Le choc des élections en Grèce

Suite à la grave crise financière, puis économique et sociale, la Grèce vient de plonger dans une crise politique majeure. Le bipartisme qui réglait la vie politique grecque depuis l’indépendance de 1832 (Populistes-libéraux ; Royalistes-Vénizélistes ; Monarcho facistes-communistes ; Conservateurs-socialistes) a volé en éclat lors des législatives anticipées des 6 mai et 17 juin 2012.

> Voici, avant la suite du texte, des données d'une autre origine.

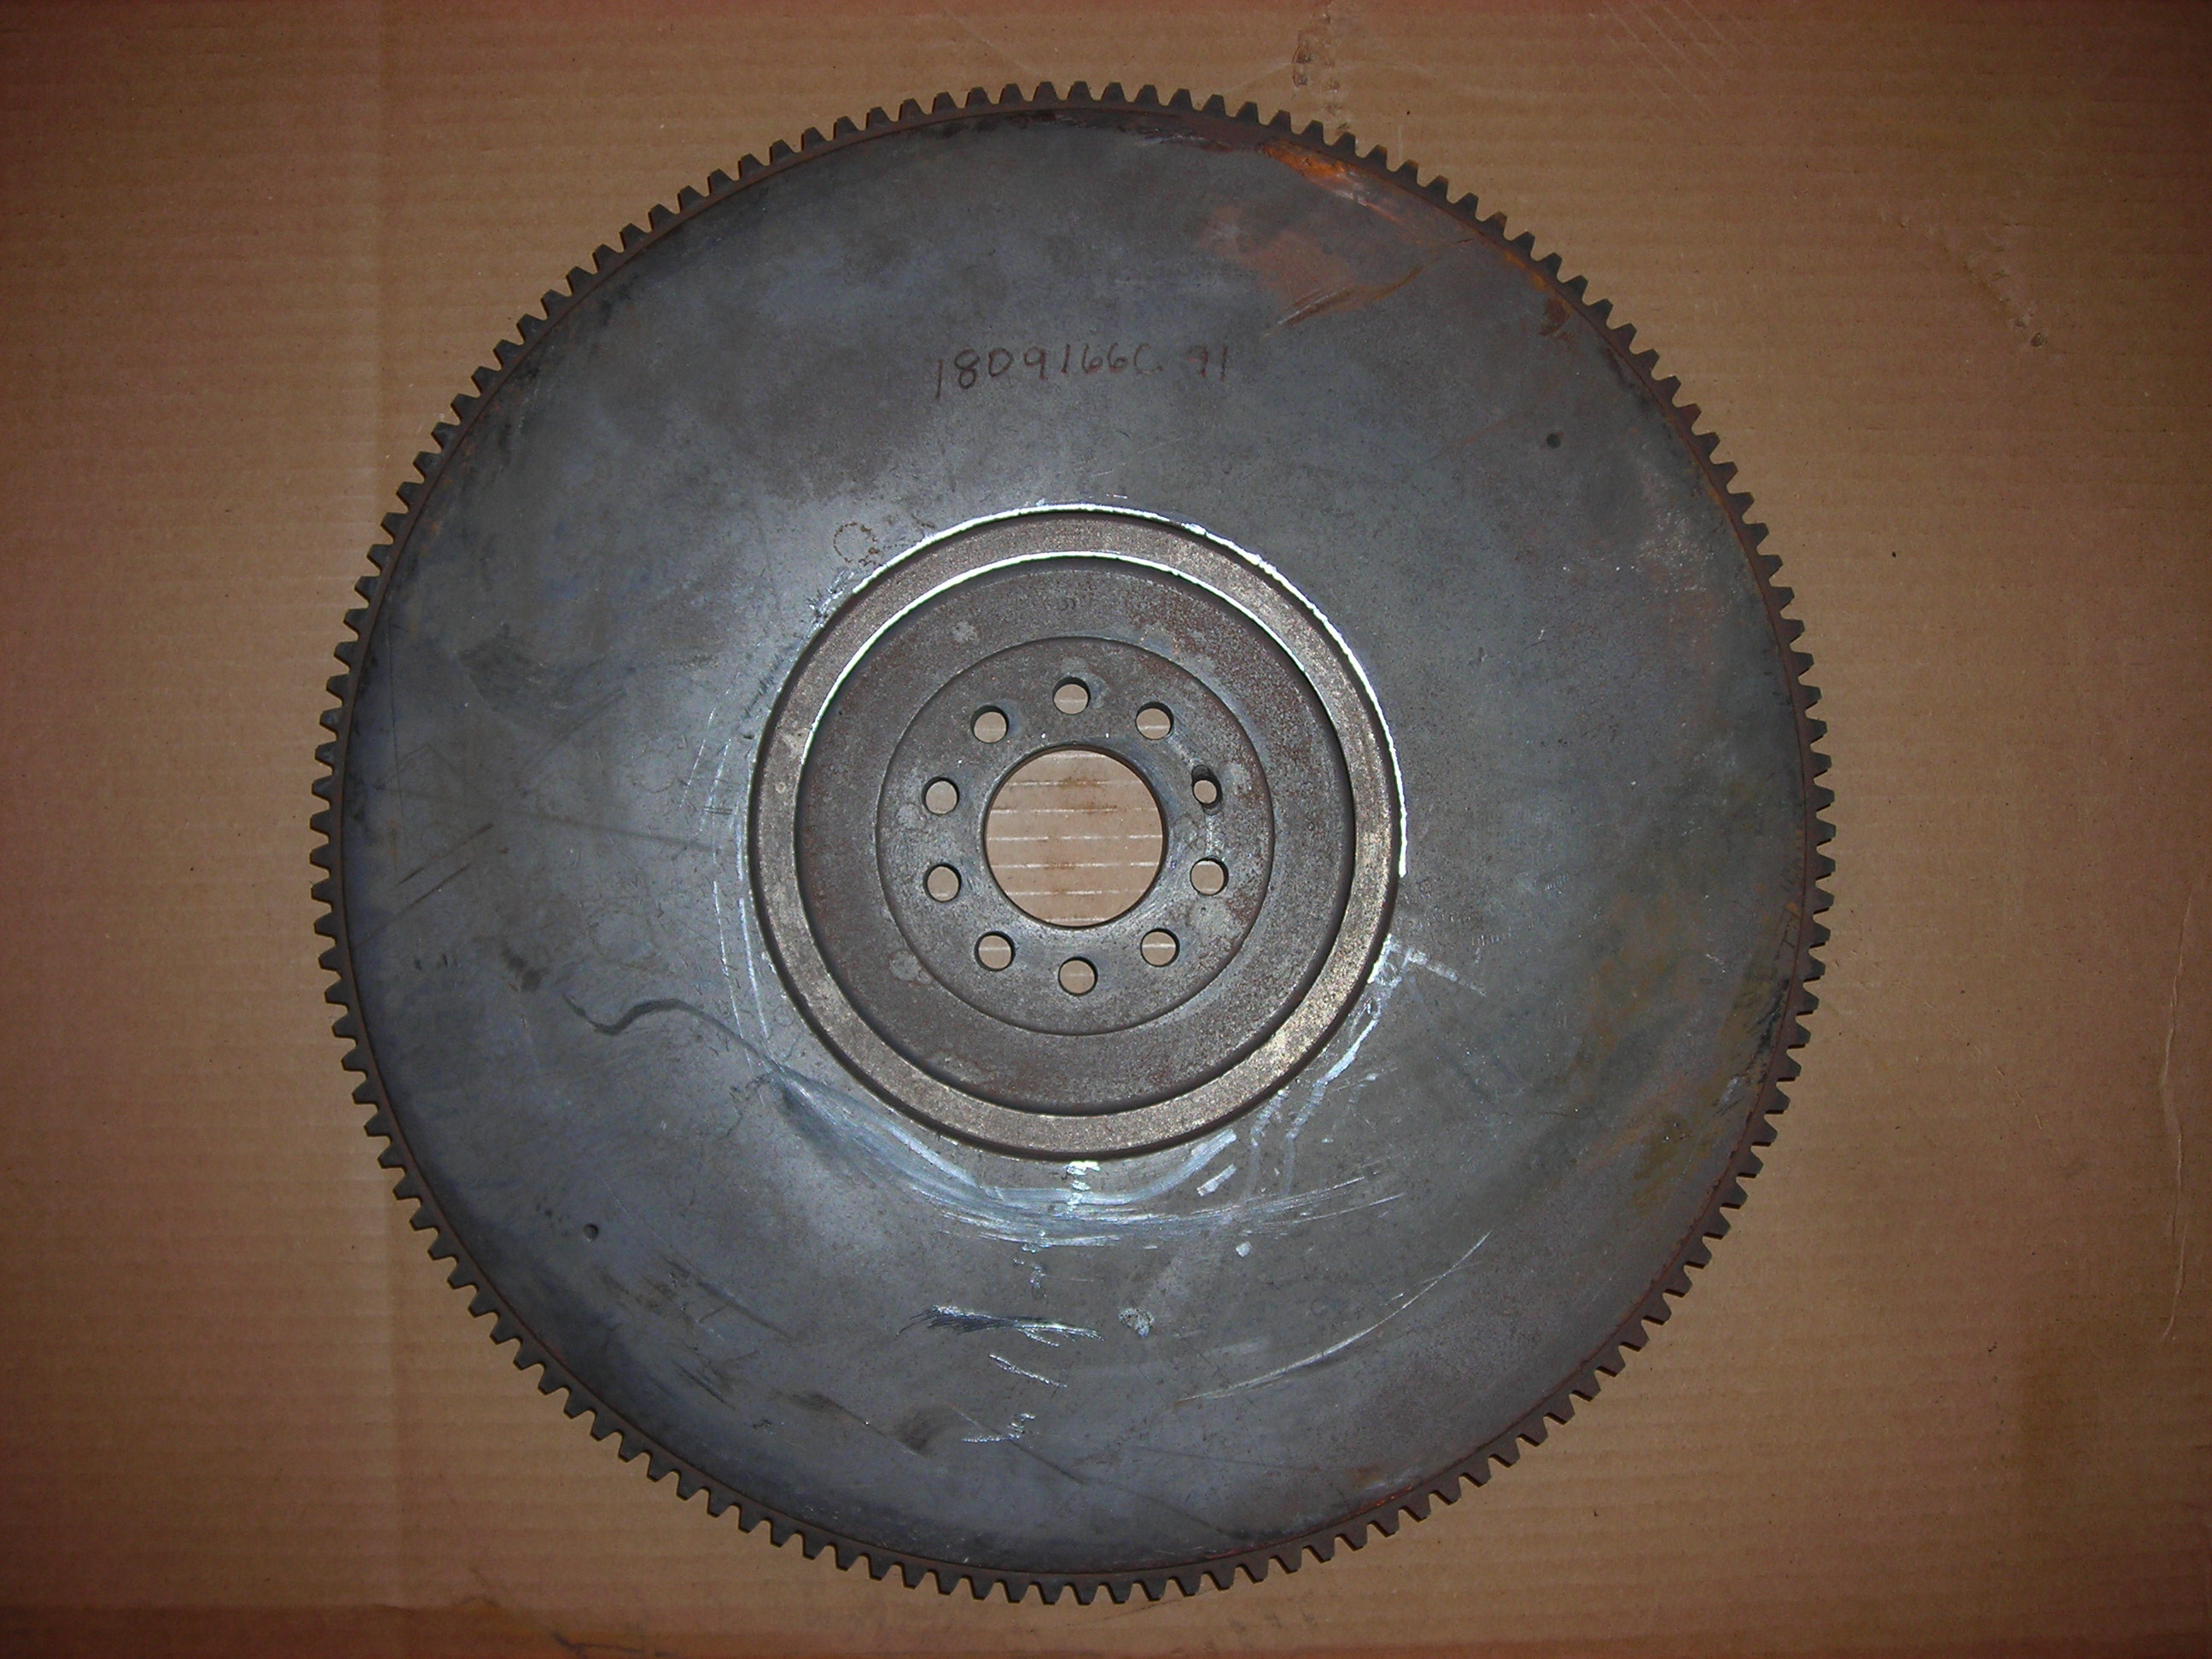 1809166C91 Navistar International Flywheel Front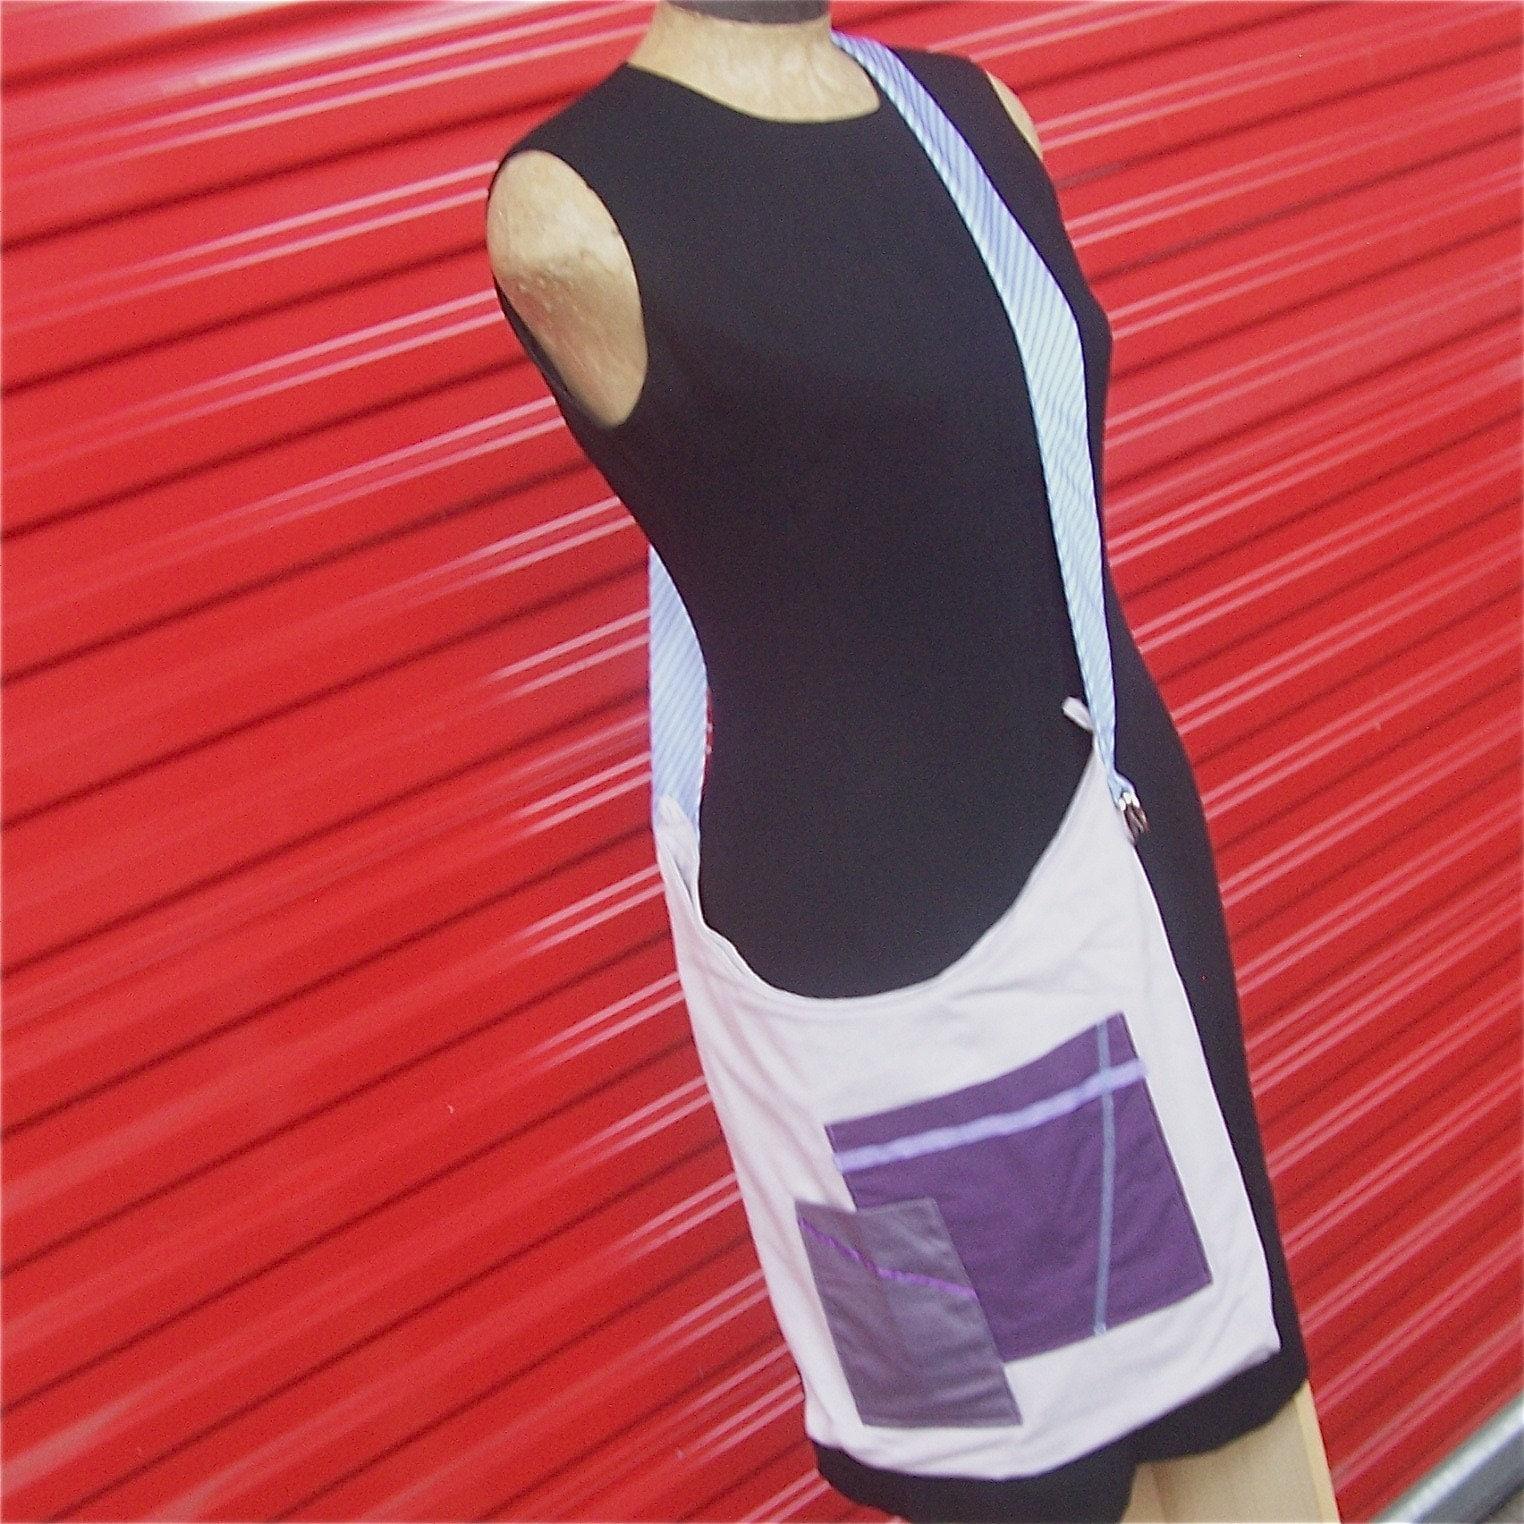 Ecofabulous Purple Bag - Oh Sheet

Le paysage politique a été totalement chamboulé. Les socialistes du PASOK ont pris une déculotté historique alors qu’ils gouvernaient le pays quasiment sans interruption depuis 1981. Les partis traditionnels qui soutenaient les plans d’austérité imposés par la « Troïka » (UE, Banque mondiale, FMI) ont été lourdement sanctionnés. Le PASOK est arrivé en troisième position le 6 mai avec 13,18% des voix, perdant 30,7% par rapport aux législatives de 2009, perdant donc 109 députés, n’en gardant que 41, revenant au niveau électoral qu’il avait aux élections d’octobre 1974, trois mois après la chute de la dictature des colonels. Mais à l’époque, le PASOK était un nouveau parti et pour la première fois la famille socialiste entrait de plein pied dans le paysage politique grec, rompant avec l’antagonisme violent entre monarcho-fascistes et communistes (guerres civiles d’octobre 1943-avril 1944, de décembre 1944-février 1945, de mars 1946-août 1949).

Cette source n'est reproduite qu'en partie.